The idea developed in most cultures that a person is punished for his misdeed in the same way that he committed the misdeed. Slap someone and you will be slapped. Insult another and you will be insulted. In English, the notion is called “tit for tat.” In Hebrew it is midah keneged midah, “measure for measure.” It is discussed in the Babylonian Talmud Sotah 8b, 9a; Megilah 12b; and Sanhedrin 90a, b, and 100a, b. Many call the notion superstition: it rarely happens, and when it does it is simply happenstance. Some insist that the punishment is inflicted by God. Others that it is part of nature. People can cite many examples of it, such as the life and death of the Russian Alexander Sergeyevich Pushkin (1799 –1837). Who was Pushkin, what did he do wrong, and how did he die?

Pushkin was a highly respected, poet, playwright, and novelist who lived during the Romantic Era. Many, even today, consider him the greatest Russian poet and call him the founder of modern Russian literature. His great-grandfather Ibrahim Gannibal (1696-1781) was kidnapped as a child from Africa and was raised by Peter the Great. Ibrahim became the godson of Peter the Great and was made a Russian prince. He was considered Europe’s first black intellectual and rose to be a general in the Russian army. One who wants to read about him can read “The Stolen Prince” by Hugh Barnes.

Pushkin fictionalized Ibrahim’s life in “The Moor of Peter the Great,” in the book “Novels, Tales, Journeys” and other translations ,of the tale. The translators call this story and the other stories in “Novels, Tales, Journeys” masterpieces. “The Moor of Peter the Great” describes Peter the Great as a hands-on very intelligent leader, working to improve Russia side by side with his workmen. It pictures the very intelligent “Moor” preferring to stay in France because he had a sexual relationship with the wife of another man. But despite his strong affection for the woman, he gave way to Peter’s call to return to Russia. This short story shows the customs of the time in Russia, the backwardness of the country, illicit sexual relationships, and the prejudices against blacks.

Pushkin, like Ibrahim, enjoyed the extremes of pleasure and peril, including having sex with the wives of other men. But he could not accept that his wife loved another man, a French officer, and enjoyed being with him, even though historians could find no proof that his wife committed adultery. He was killed in a duel with the French officer because of the alleged adultery, the very crime that Pushkin committed.
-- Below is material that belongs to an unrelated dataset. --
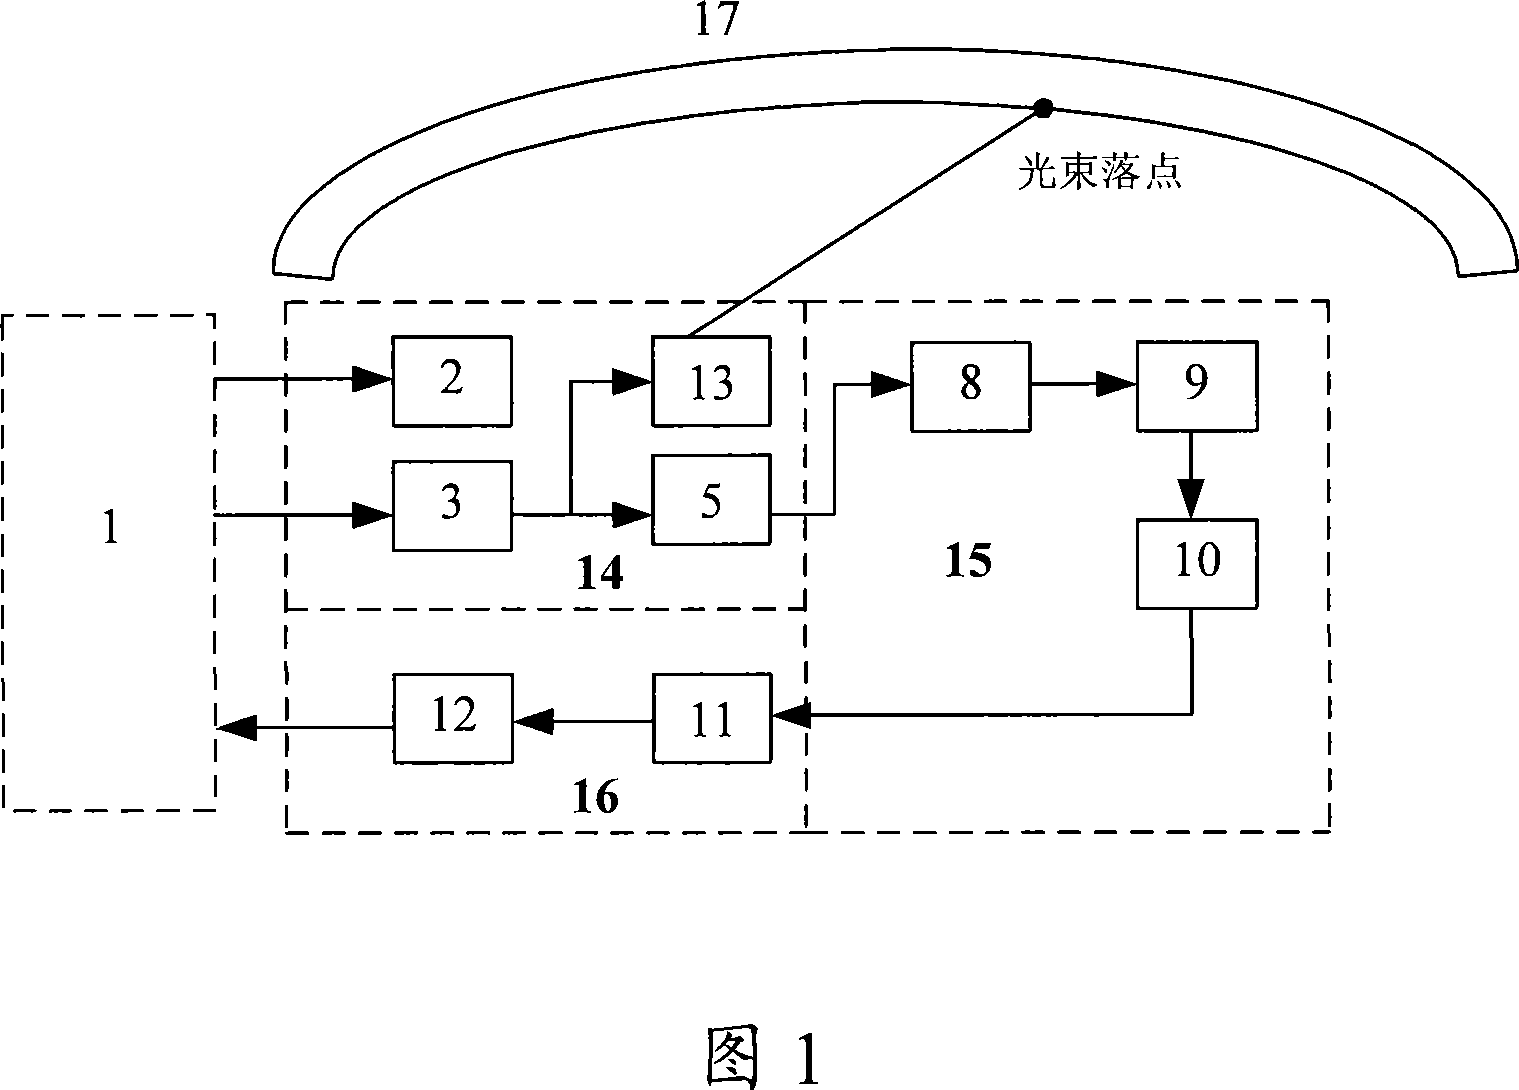 Distant view orienting enquiring display apparatus and method

It was tit for tat: he committed adultery and died because of it.

Henri Troyat, who wrote a biography of Pushkin called “Pushkin,” described his writings: “He deliberately chooses the hard way. He rubs down his prose, wears it away, aerates it to the point of transparency, to the ultimate resistance of the right word. He makes of it that taut and slender thing in which no line or facet can be altered without shattering the whole.”

Charles Johnston, who translated Pushkin’s “Eugene Onegin,” wrote that Pushkin’s writings are “magic,” “touching lyrical beauty,” “cynical wit,” filled with “psychological insight,” “narrative skill,” “thrilling,” “gusto and swing,” and that the writings have a “compulsive grip.”

Tolstoy wrote that Pushkin’s writings inspired him to write “Anna Karenina.”

The English translation of “Novels, Tales, Journeys” is an easy read book. It reads like the works of a popular twenty-first century writer. The several stories in it are an excellent introduction to one of literature’s great writers. Beside the 28-page “The Moor of Peter the Great,” the book contains the 23-page haunting tale “The Queen of Spades,” which the translators write is one “of “Pushkin’s two most important works of fiction,” the other being his 104-page short novel “The Captain’s Daughter,” a love story in the midst of war, which the translators and others call “the most perfect book in Russian literature.” There are also five short stories with surprise endings called “The Tales of the Late Ivan Petrovich Belkin,” comprising 58 pages, which are somewhat humorous; and also eight other short stories and ten fragments and sketches.